Филологические сюжеты — страница 67 из 120

[691] «Нос» и есть коллективное помешательство без специального помешательства кого—либо одного. При всей нелепости происходящего помешательство это имеет тему – раздвоение. Ту самую исторически—петербургскую тему. Как уже давно замечено, «Нос» прямым путем привёл к «Двойнику».

У двух Голядкиных будет такой разговор, когда автор через 20 лет начнет переделывать неудавшегося, как он признает, «Двойника». Голядкин—старший просит двойника объяснить, «что это всё означает», и тот объясняет: «Всё может случиться и ровно ничего не означать».[692] Разве это не в точности то, что случается в «Носе»? Потом в «Поэме без героя» – такой непохожий случай, но будет повторено то же как петербургское чувство: Что угодно может случиться… Особое петербургское чувство неустойчивости, непрочности существования, как бы почвы под ногами, и фантастической игры возможностей. В «Двойнике» единственный раз с такой силой в нашей литературе обнажена неустойчивость самого человека в петербургском пространстве; такой сейсмической картины личности литература не знала до «Двойника» (да, пожалуй, и после него). Клонирование человека в петербургском пространстве: во сне героя при каждом шаге из—под гранита выскакивают такие же «совершенно подобные». Человек сопротивляется механизму клонирования и отчаянно настаивает на своей единственности, но находит лишь несчастную изнанку единственности – изоляцию, абсолютное одиночество. В солипсическом одиночестве, как тоже в безвыходном сне, ведёт человек интригу с самим собой.
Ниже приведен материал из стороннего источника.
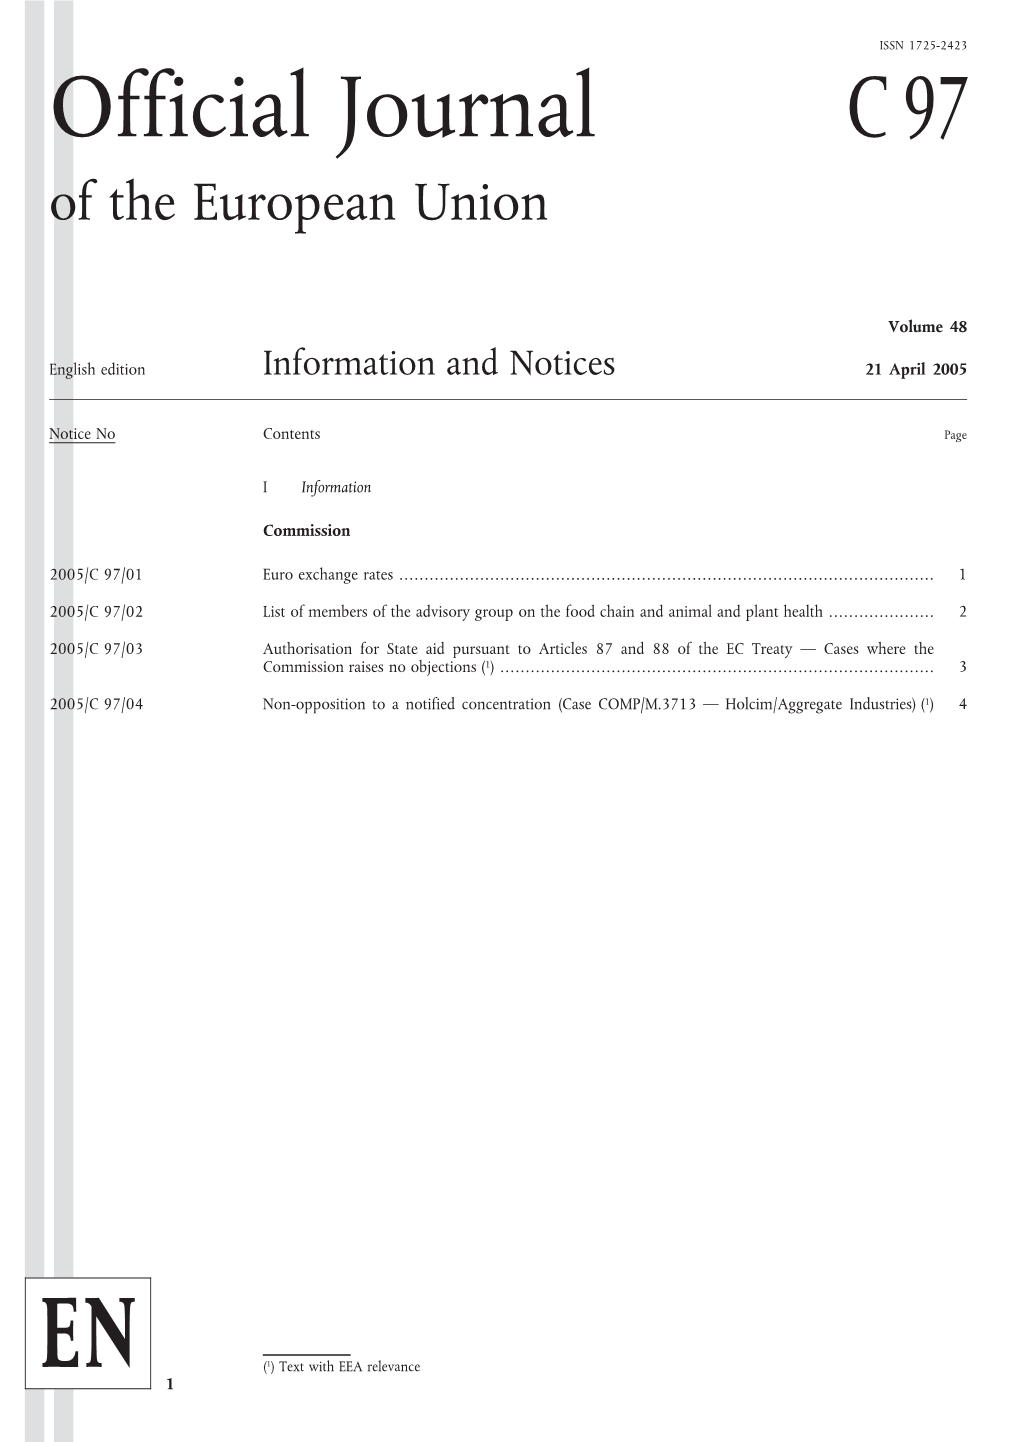 Official Journal C97 of the European Union

«Двойник» – не «записки сумасшедшего», а сторонний о нём рассказ. Но рассказчик далеко пошёл по пути заражения своего рассказа больным сознанием и пошатнувшимся словом. Гоголевские «Записки сумасшедшего» именно как таковые – не сумасшедший текст. Границы между петербургским столоначальником и испанским королём мы никак потерять не можем. Иное дело – сплошной абсурд «Носа», как будто не знающий за собой иной действительности и никакой объективной границей не ограниченный. В «Двойнике» постепенно смешиваются границы рассказа и поколебленного сознания, и рассказ обретает черты безумного текста.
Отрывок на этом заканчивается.